SUPPLIED DATA >>

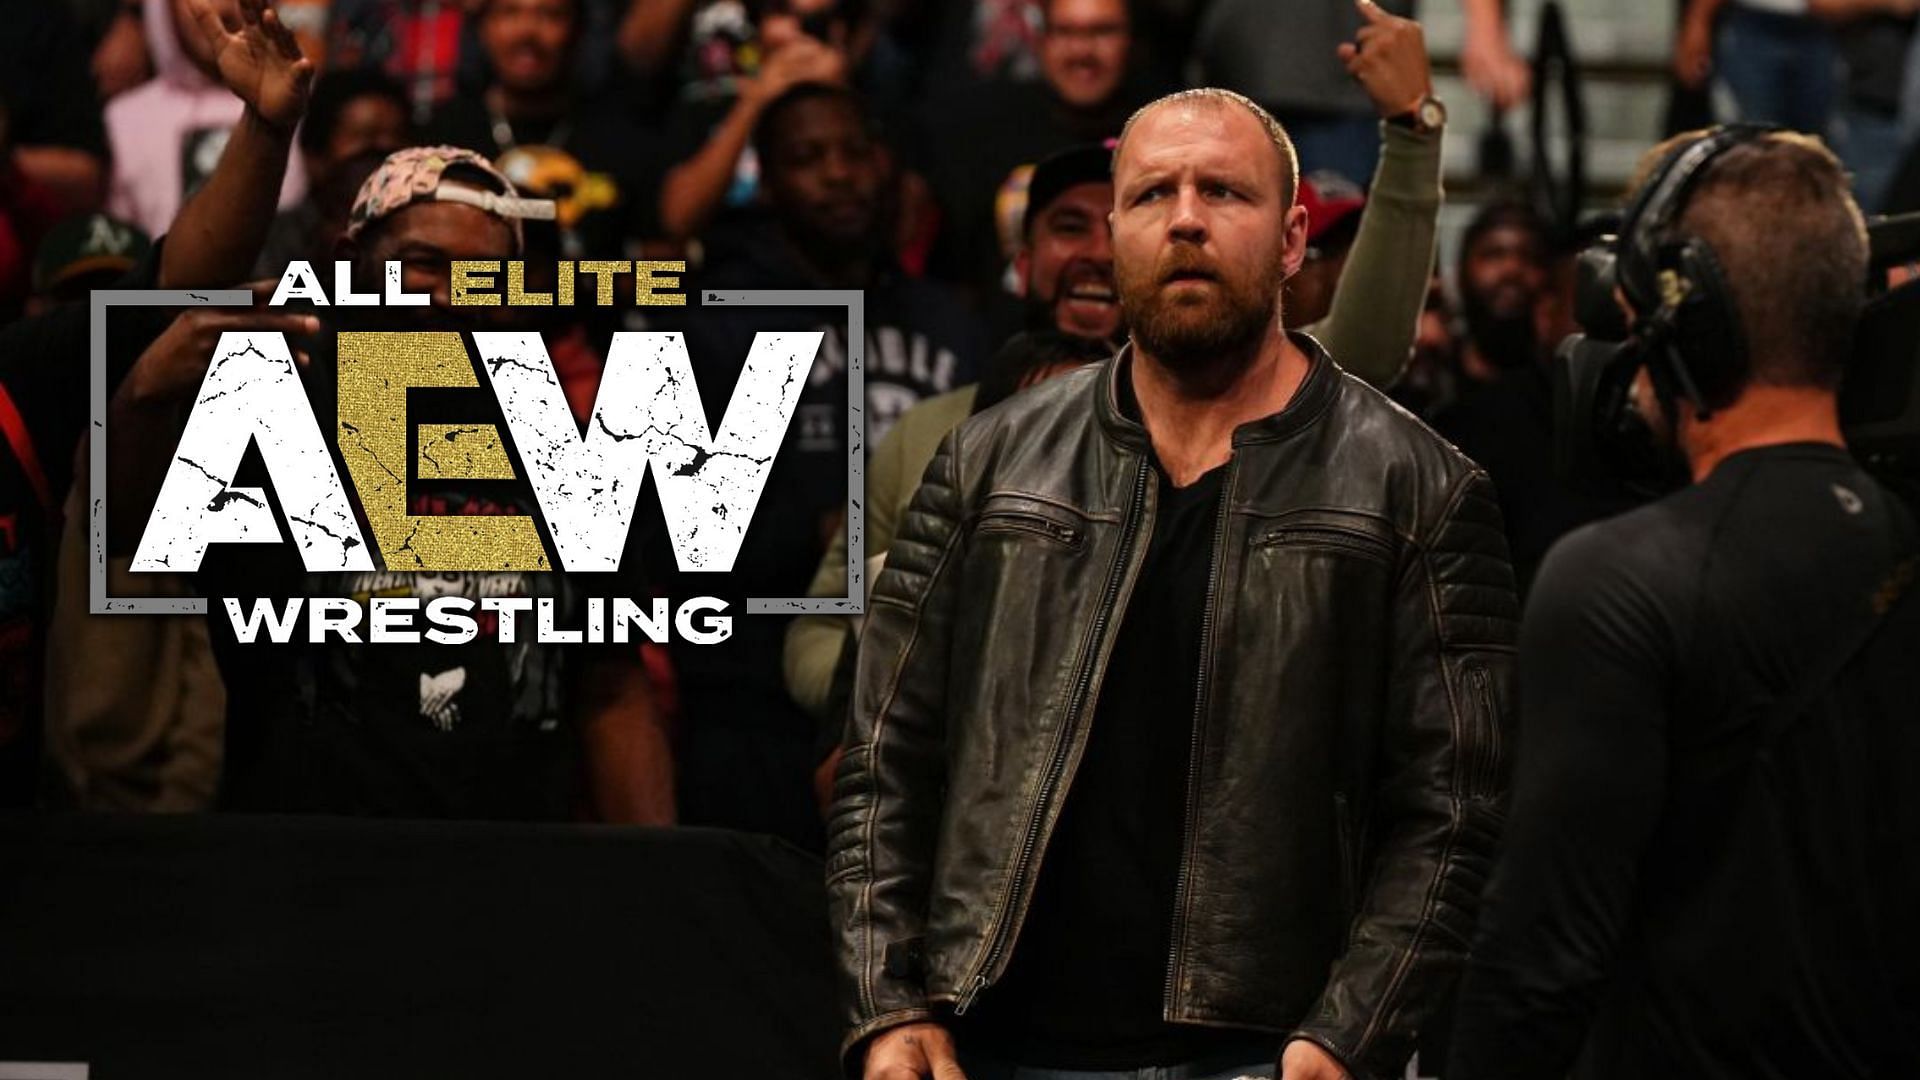 Jon Moxley has a big challenge coming up at Revolution
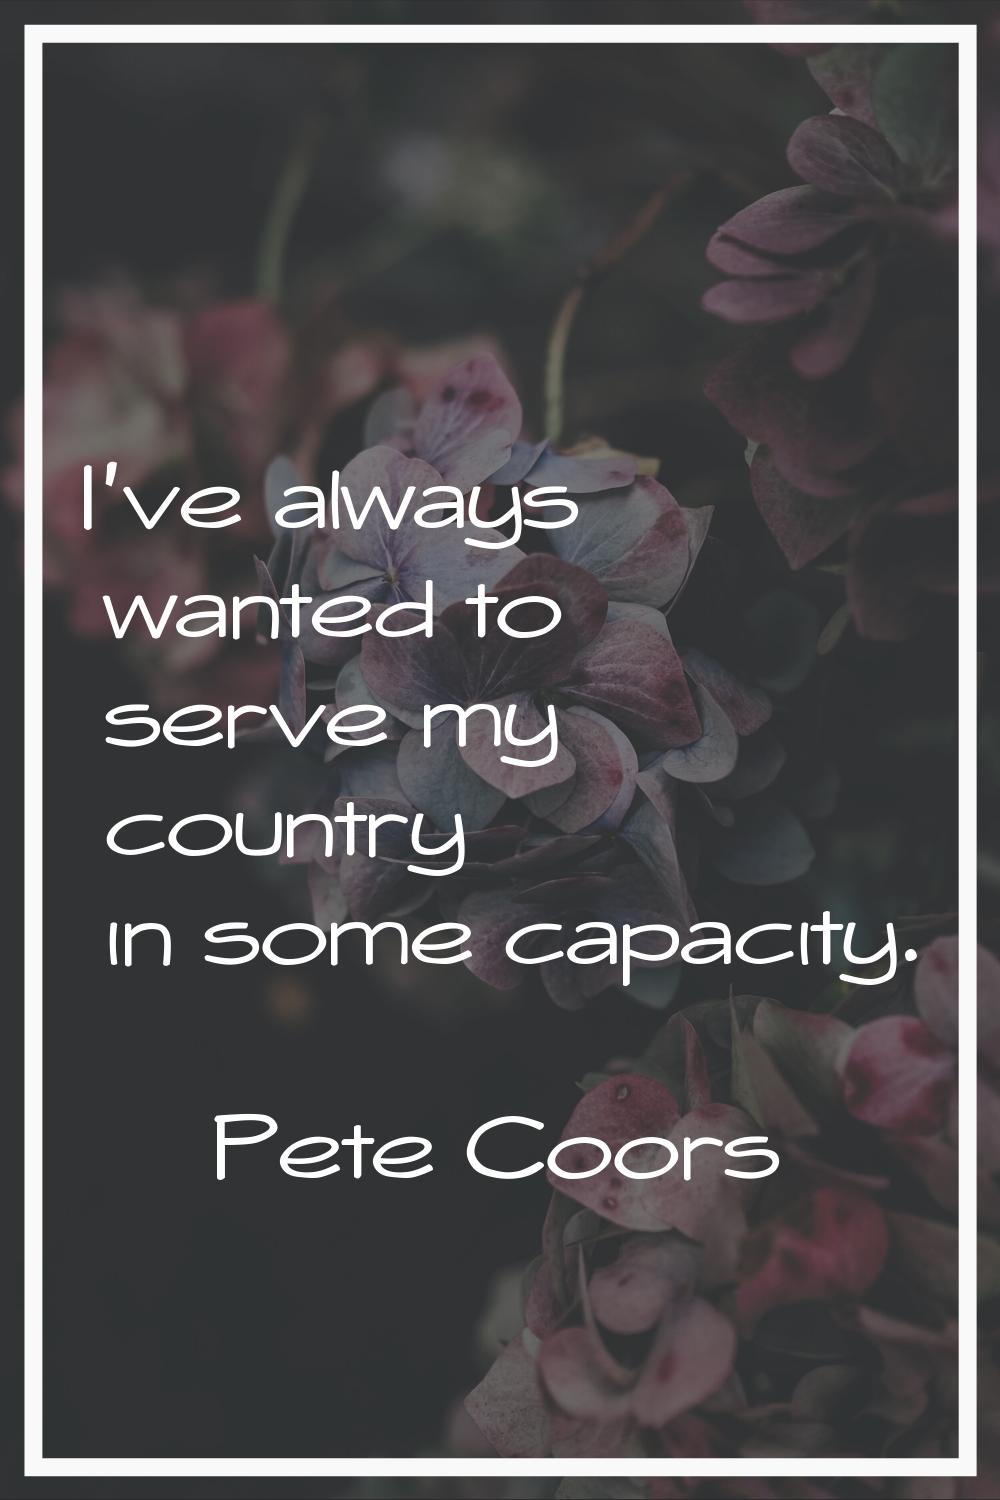 I've always wanted to serve my country in some capacity.
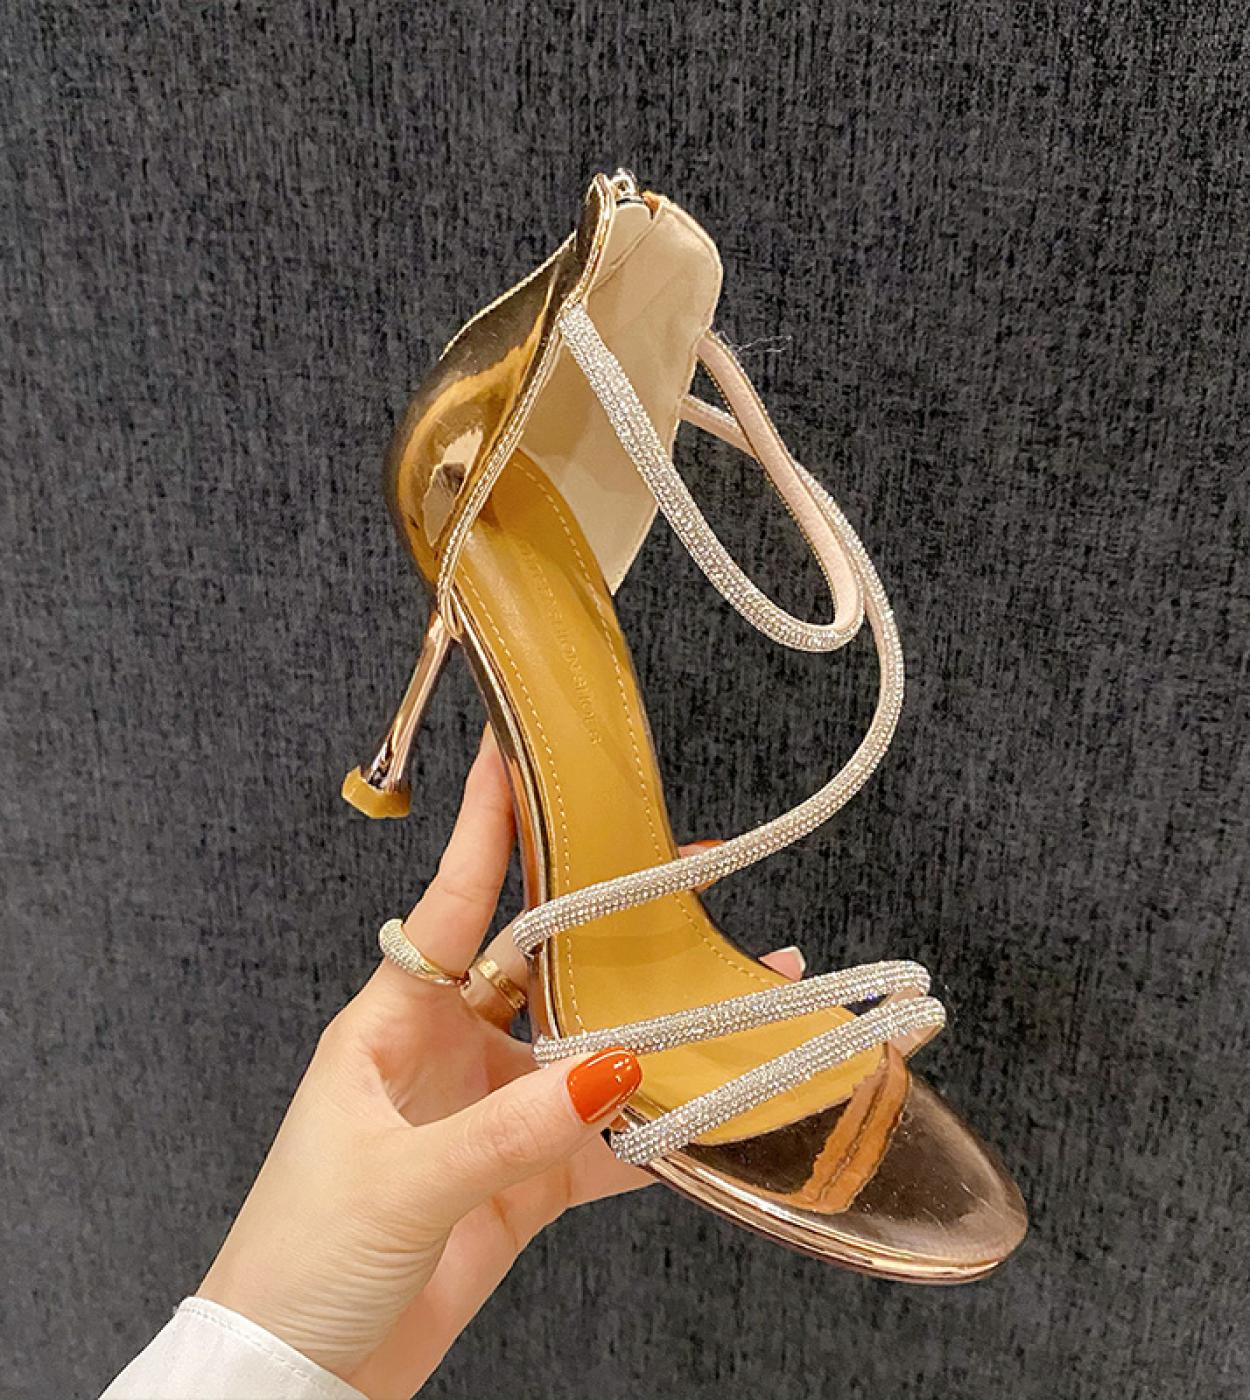 Classic Style With Skirt Sandals Womens Stiletto Heel 2022 New Celebrity Rhinestone Buckle Fairy Style High Heels Goods
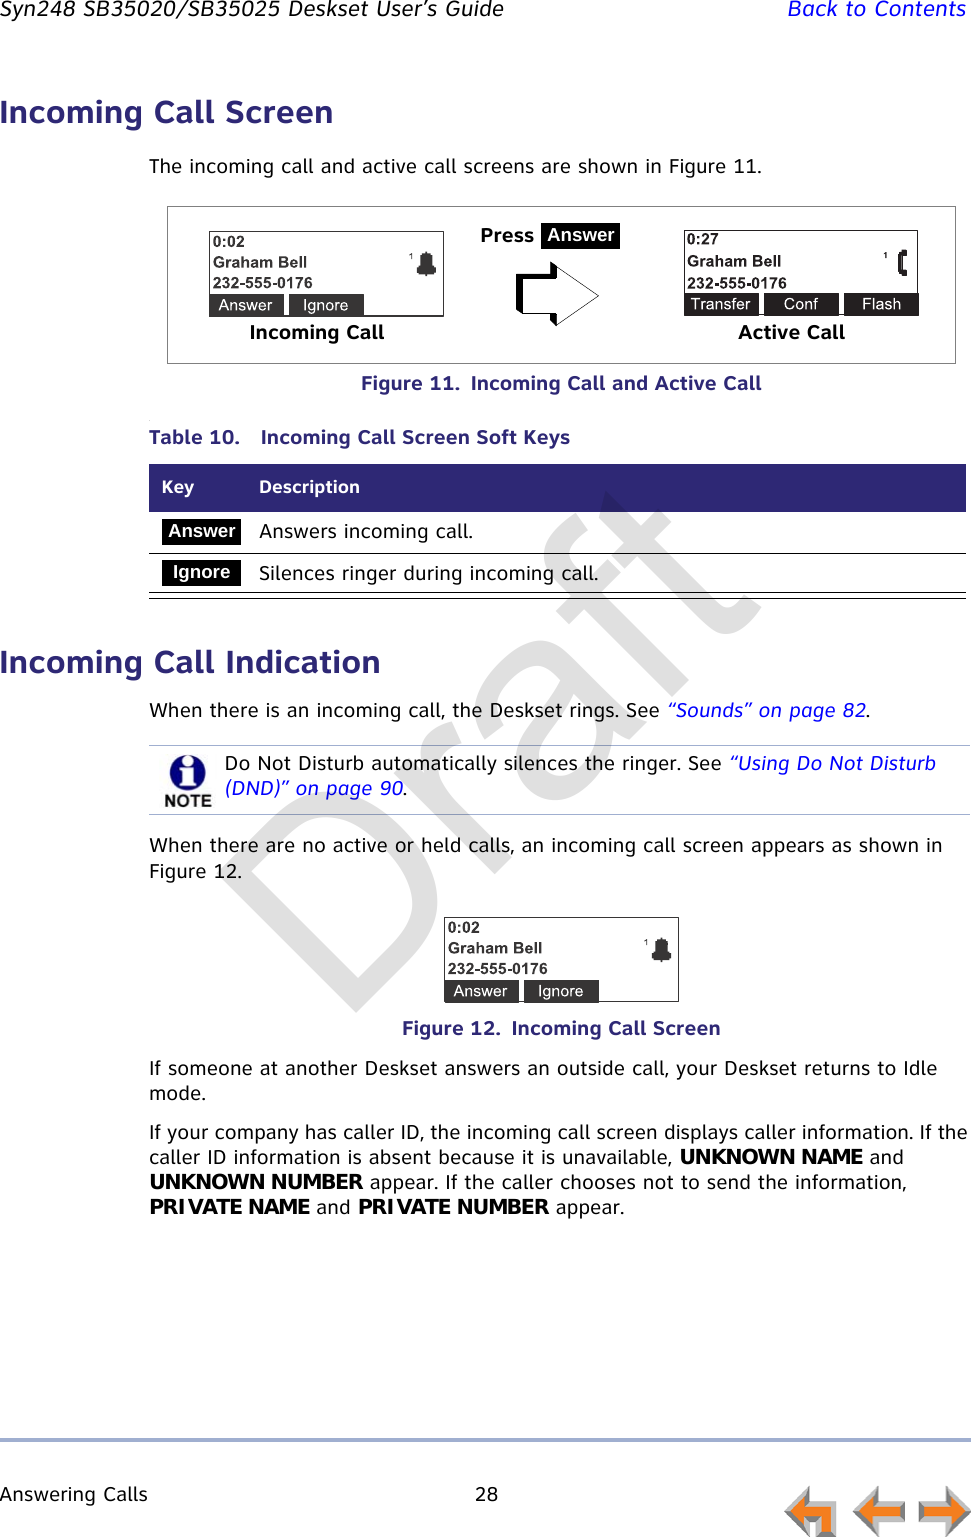 Answering Calls 28         Syn248 SB35020/SB35025 Deskset User’s Guide Back to ContentsIncoming Call ScreenThe incoming call and active call screens are shown in Figure 11.Figure 11.  Incoming Call and Active Call.Incoming Call IndicationWhen there is an incoming call, the Deskset rings. See “Sounds” on page 82.When there are no active or held calls, an incoming call screen appears as shown in Figure 12.Figure 12.  Incoming Call ScreenIf someone at another Deskset answers an outside call, your Deskset returns to Idle mode.If your company has caller ID, the incoming call screen displays caller information. If the caller ID information is absent because it is unavailable, UNKNOWN NAME and UNKNOWN NUMBER appear. If the caller chooses not to send the information, PRIVATE NAME and PRIVATE NUMBER appear.Table 10.  Incoming Call Screen Soft KeysKey  DescriptionAnswers incoming call.Silences ringer during incoming call.Press AnswerIncoming Call Active CallAnswerIgnoreDo Not Disturb automatically silences the ringer. See “Using Do Not Disturb (DND)” on page 90.Draft

WHAT YOU WILL DO >>
Omit every picture, then reproduce the rest of the listing exactly.

COMPLETED TASK >>
 Jon Moxley has a big challenge coming up at Revolution
 I've always wanted to serve my country in some capacity.
 Classic Style With Skirt Sandals Womens Stiletto Heel 2022 New Celebrity Rhinestone Buckle Fairy Style High Heels Goods
 Answering Calls 28         Syn248 SB35020/SB35025 Deskset User’s Guide Back to ContentsIncoming Call ScreenThe incoming call and active call screens are shown in Figure 11.Figure 11.  Incoming Call and Active Call.Incoming Call IndicationWhen there is an incoming call, the Deskset rings. See “Sounds” on page 82.When there are no active or held calls, an incoming call screen appears as shown in Figure 12.Figure 12.  Incoming Call ScreenIf someone at another Deskset answers an outside call, your Deskset returns to Idle mode.If your company has caller ID, the incoming call screen displays caller information. If the caller ID information is absent because it is unavailable, UNKNOWN NAME and UNKNOWN NUMBER appear. If the caller chooses not to send the information, PRIVATE NAME and PRIVATE NUMBER appear.Table 10.  Incoming Call Screen Soft KeysKey  DescriptionAnswers incoming call.Silences ringer during incoming call.Press AnswerIncoming Call Active CallAnswerIgnoreDo Not Disturb automatically silences the ringer. See “Using Do Not Disturb (DND)” on page 90.Draft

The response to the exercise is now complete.